Dies gilt insbesondere dann, wenn der erste Studiengang nicht den Vorstellungen und Wünschen des Kindes entsprach, sondern auf Drängen der Eltern begonnen wurde. Grundsätzlich bestimmt ein volljähriges Kind sein Berufsziel und seine Ausbildung selbst. Erfolgt der Studienwechsel oder ein Studienabbruch aber erst in der zweiten Hälfte des Studiums ohne Einverständnis der Eltern, dann haben die Eltern ihre Ausbildungsverpflichtung erfüllt, womit der Unterhaltsanspruch entfällt.
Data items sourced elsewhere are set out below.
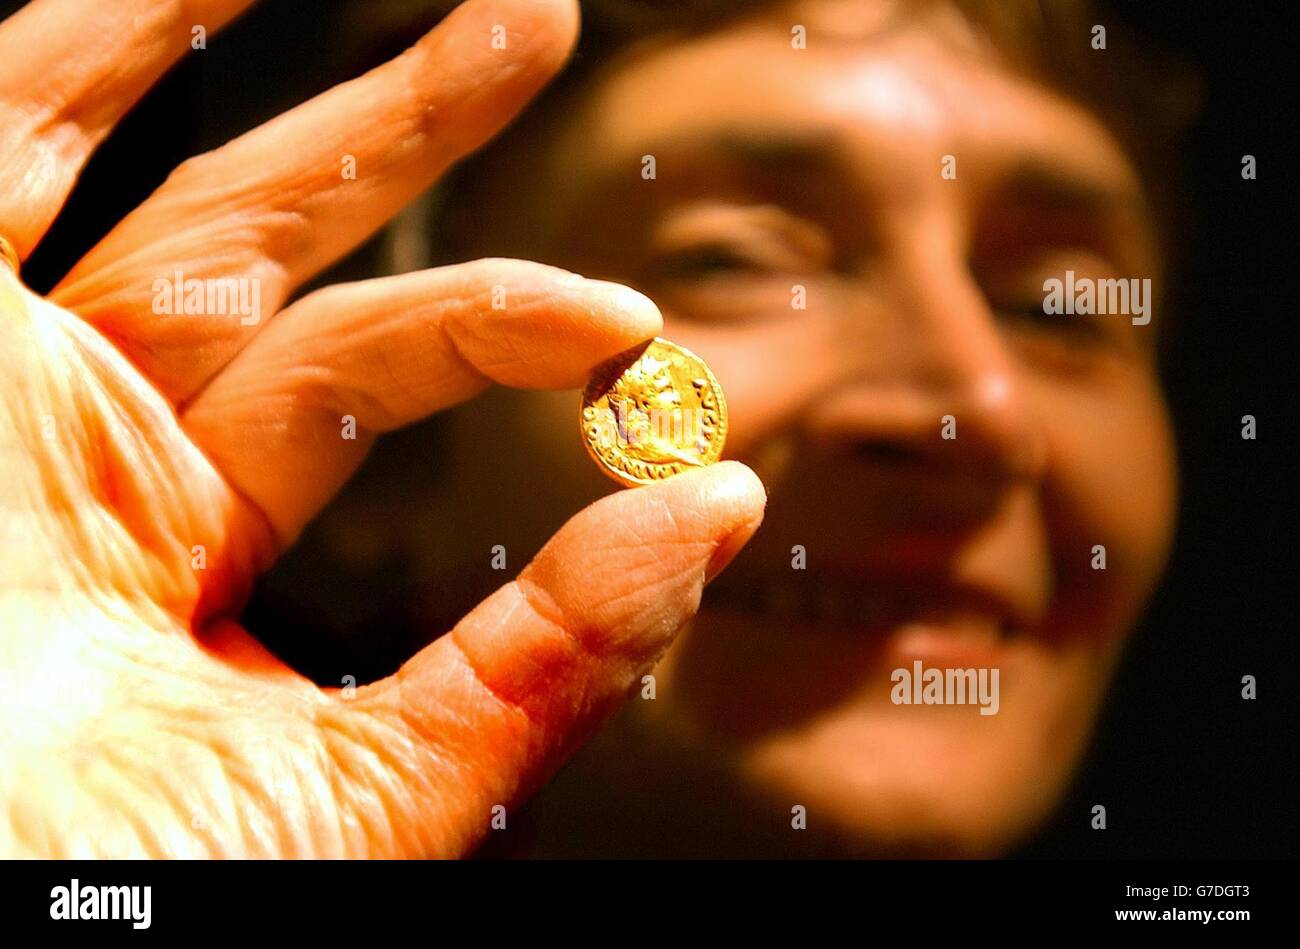 Estelle Morris El Ministro de Estado para las Artes, en el Guildhall, tiene un dorado romano del emperador Nerón, encontrado cerca de Bodmin en Cornwall. El ministro estuvo en la ciudad de Londres para anunciar que 47.000 hallazgos arqueológicos fueron descubiertos por miembros del público el año pasado, arrojando nueva luz sobre la historia de Gran Bretaña. Foto de stock
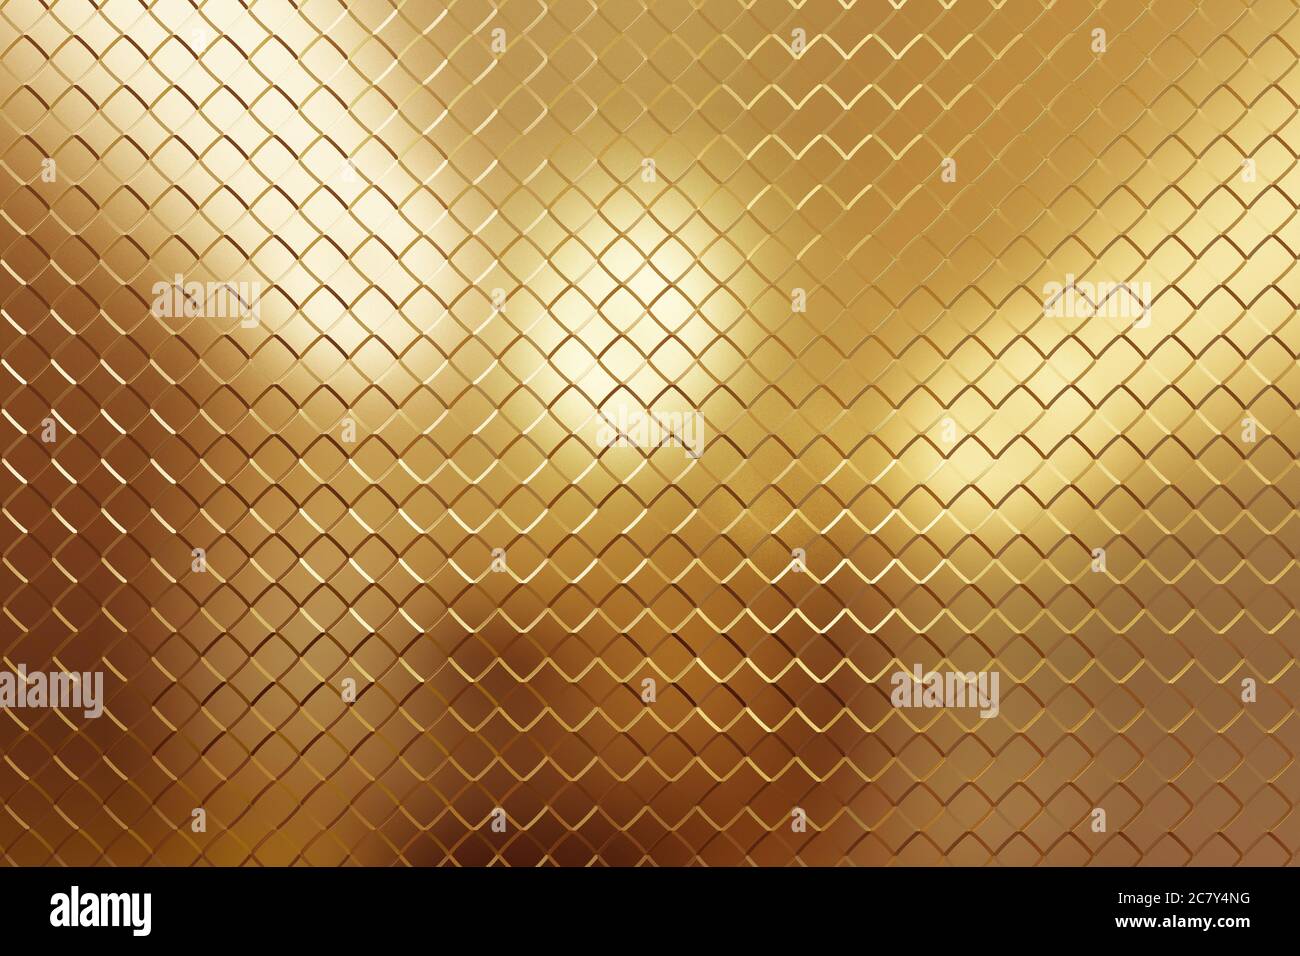 Motivo giallo dorato, forme astratte simmetriche e geometriche su sfondo testurizzato.Illustrazione 3d. Foto Stock
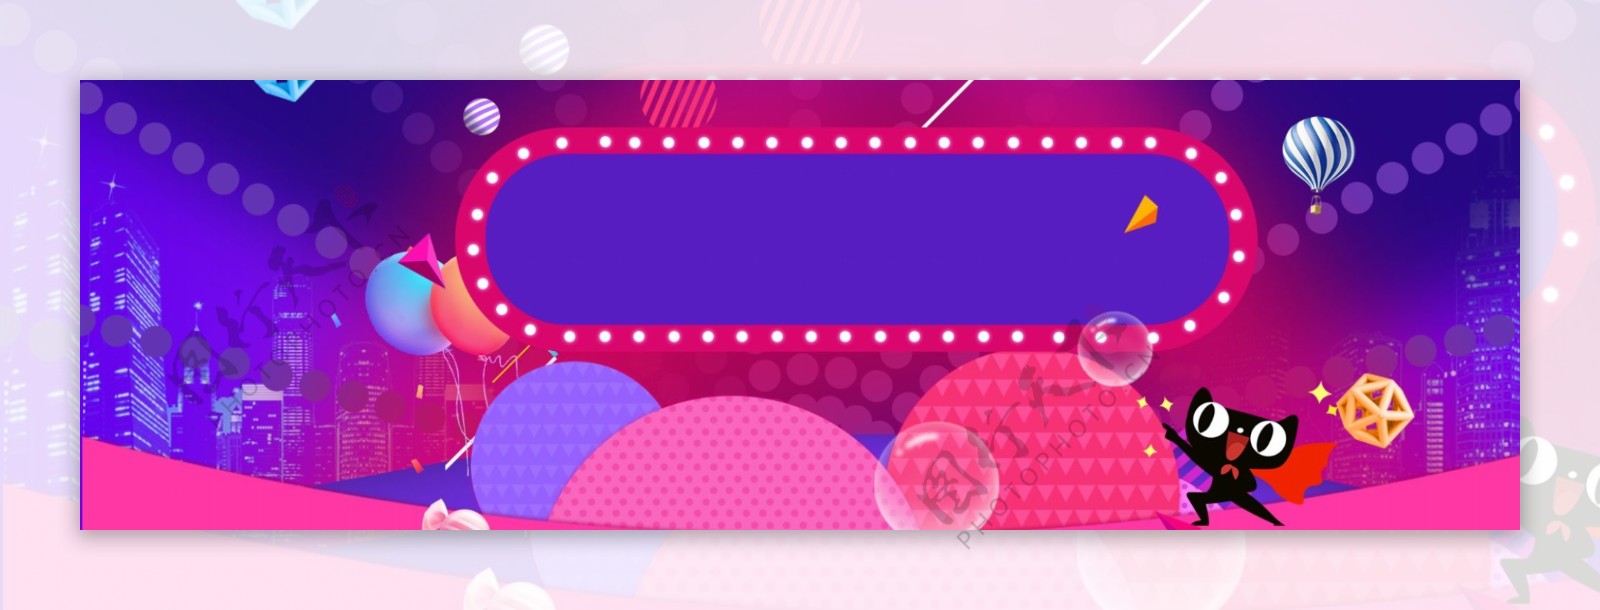 紫色夏末促销banner背景

Selbstfinanzierte Orientierungsphase versenkt den Ausbildungsanspruch nicht
Eine längere Selbstfindungsphase, während der die Eltern finanziell durch das Kind nicht belastet wurden, führen nicht zum Verlust des Unterhaltsanspruchs. Die Länge und Dauer der dem Kind zu gewährenden Orientierungsphase ist nach Alter, Entwicklungsstand und den Lebensumständen unterschiedlich. Wird die Orientierungsphase nicht überdehnt, ist eine Versagung des Unterhaltsanspruchs nicht gerechtfertigt (OLG Hamm, Beschluss v. 05.02. 2013, 7 UF 166/12).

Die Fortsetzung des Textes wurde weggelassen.